I visited the web site of a company alleging to be experts at communications solutions, Sonofon, www.sonofon.com.au.
The first thing I noticed was the “Untitled document” heading on their web site, never a good sign of things to come.
I wrote to the advertised “info@sonofon.com.au” e-mail address listed.

Oh! It bounced back straight away. Apparently info@sonofon.com.au isn’t actually a valid e-mail address at the sonofon.com.au domain.

I thought perhaps the FAQ may have more information. Obviously Sonofon don’t actually get asked many questions, or if so, the demographic is the Latin-speaking populace.

Not to worry, here’s some other e-mail addresses. I tried writing to accounts@sonofon.com.au. It looked like a good starting point.

Oh! It fails too. At least this time the address obviously exists, but just hasn’t been set to allow mail from unauthenticated users.

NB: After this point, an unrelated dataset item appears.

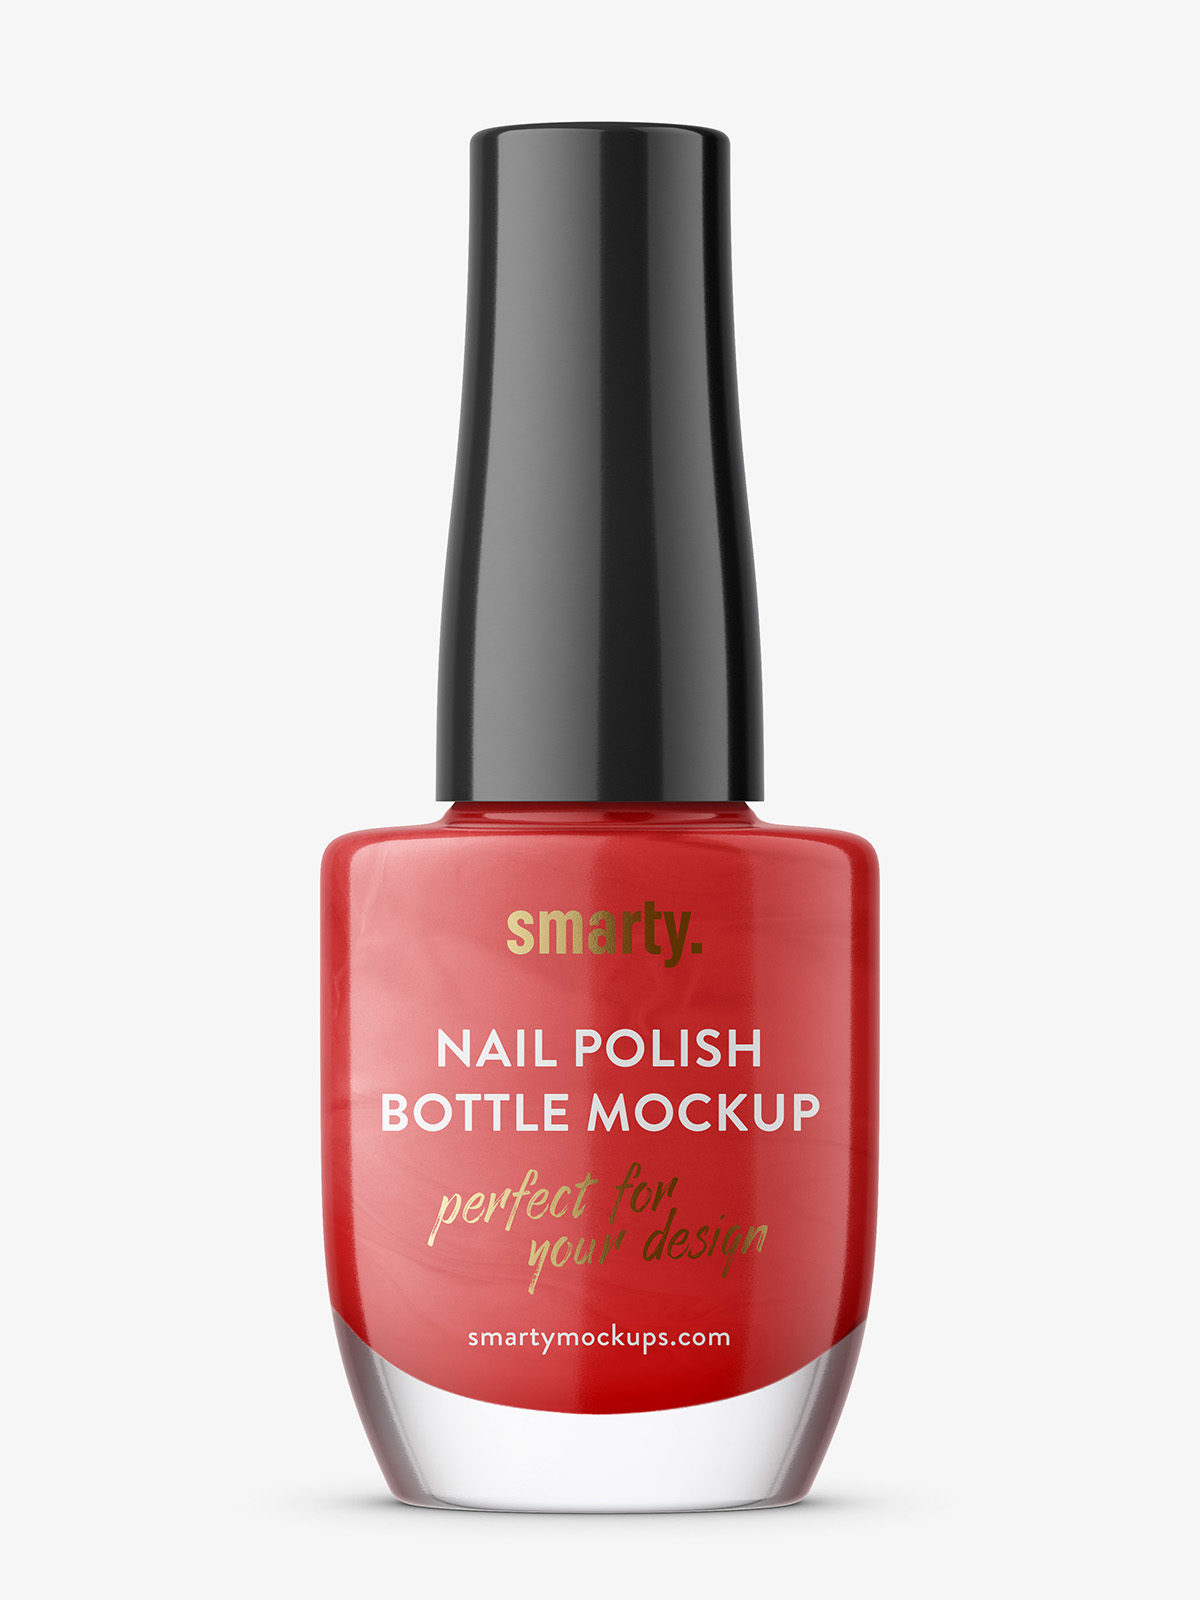 Nail polish bottle mockup - Smarty Mockups
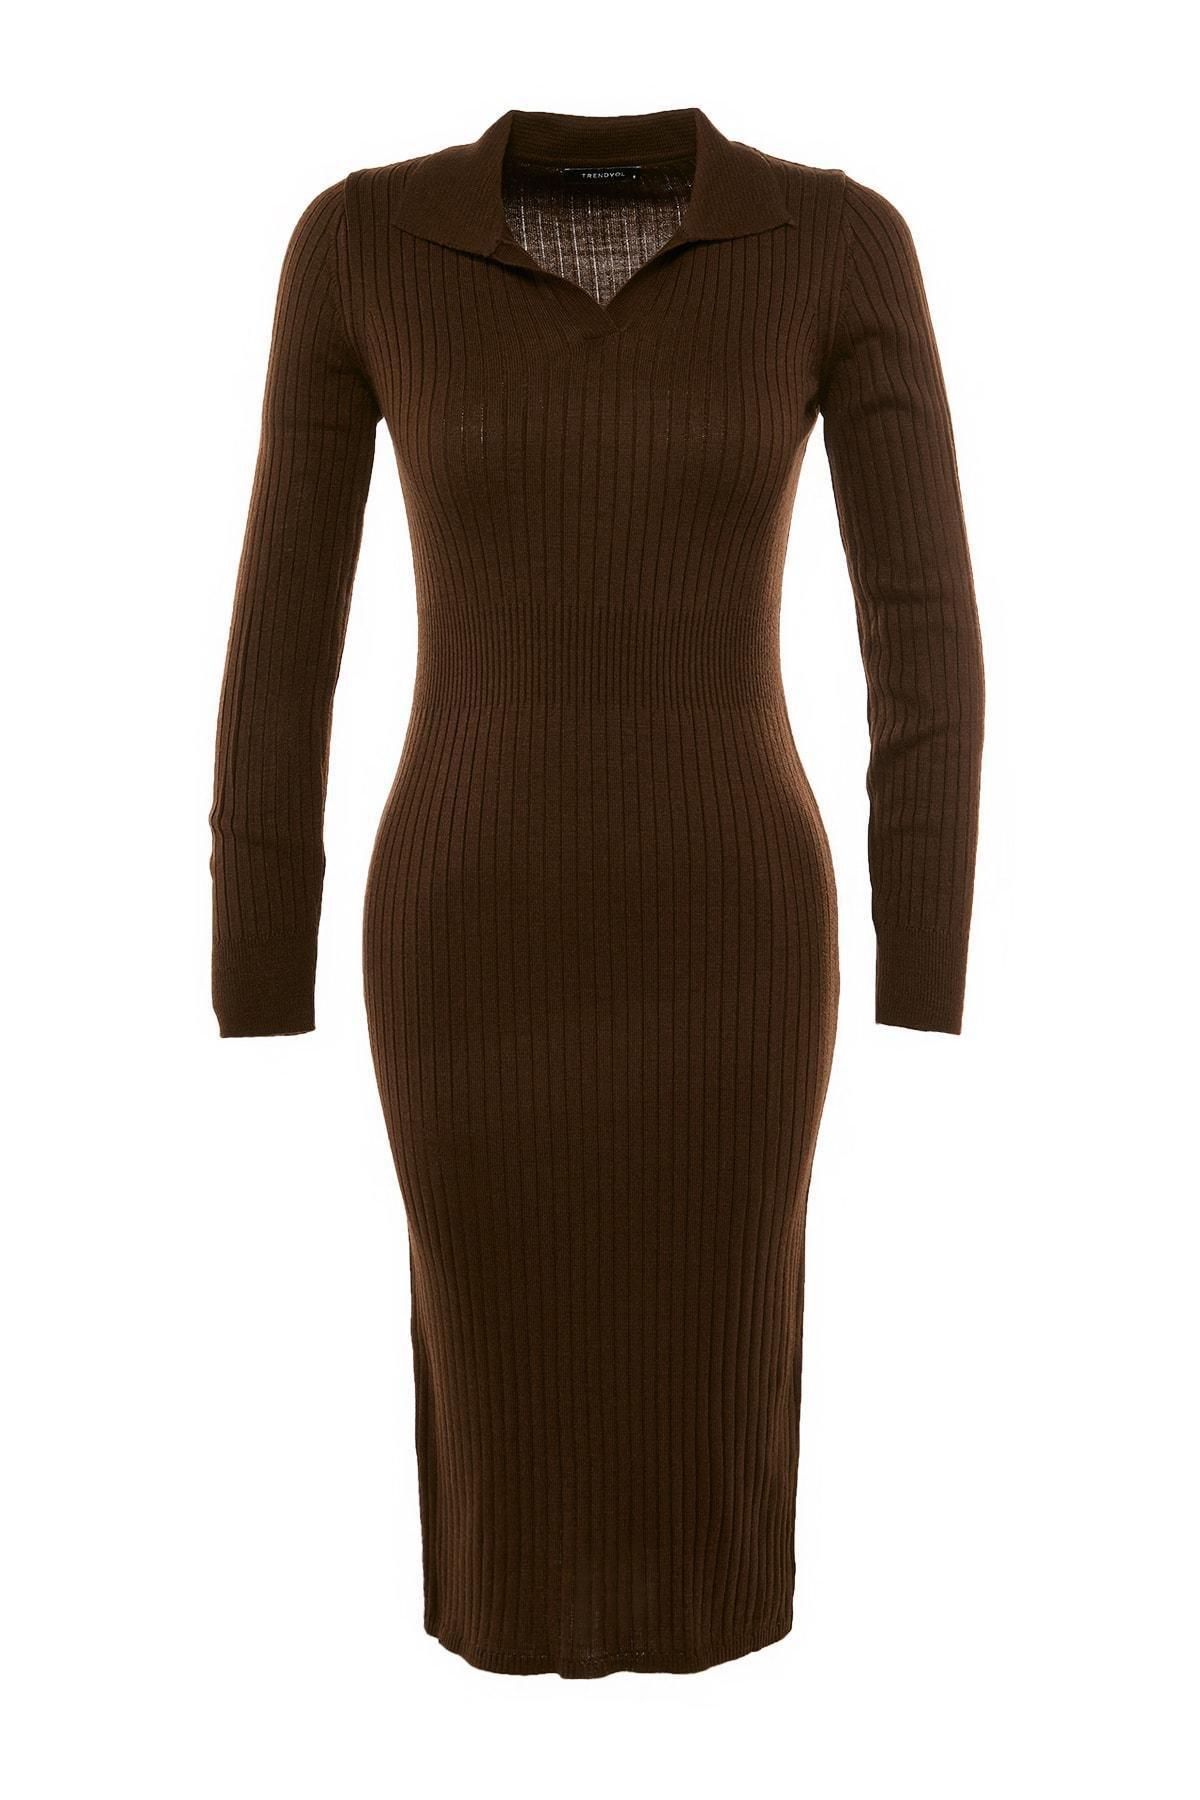 Trendyol - Brown Bodycon Midi Dress

Ok, last ditch effort – let’s try the other two e-mail addresses advertised – billing@sonofon.com.au and service@sonofon.com.au.
By crikey, they don’t exist either.

Ok, this is beyond a joke. Sonofon are wasting my time. Not only do they not deserve my business but obviously they don’t want it anyway. I’m happy to oblige. After all, Sonofon have demonstrated they’re not communication experts. Do I really want a company looking after my telephony when this is the quality of their work?
Maybe I’m off the track; perhaps “communications” has a different meaning to Sonofon. Maybe they’re the guys you want when you’d rather liquidate your business than grow it.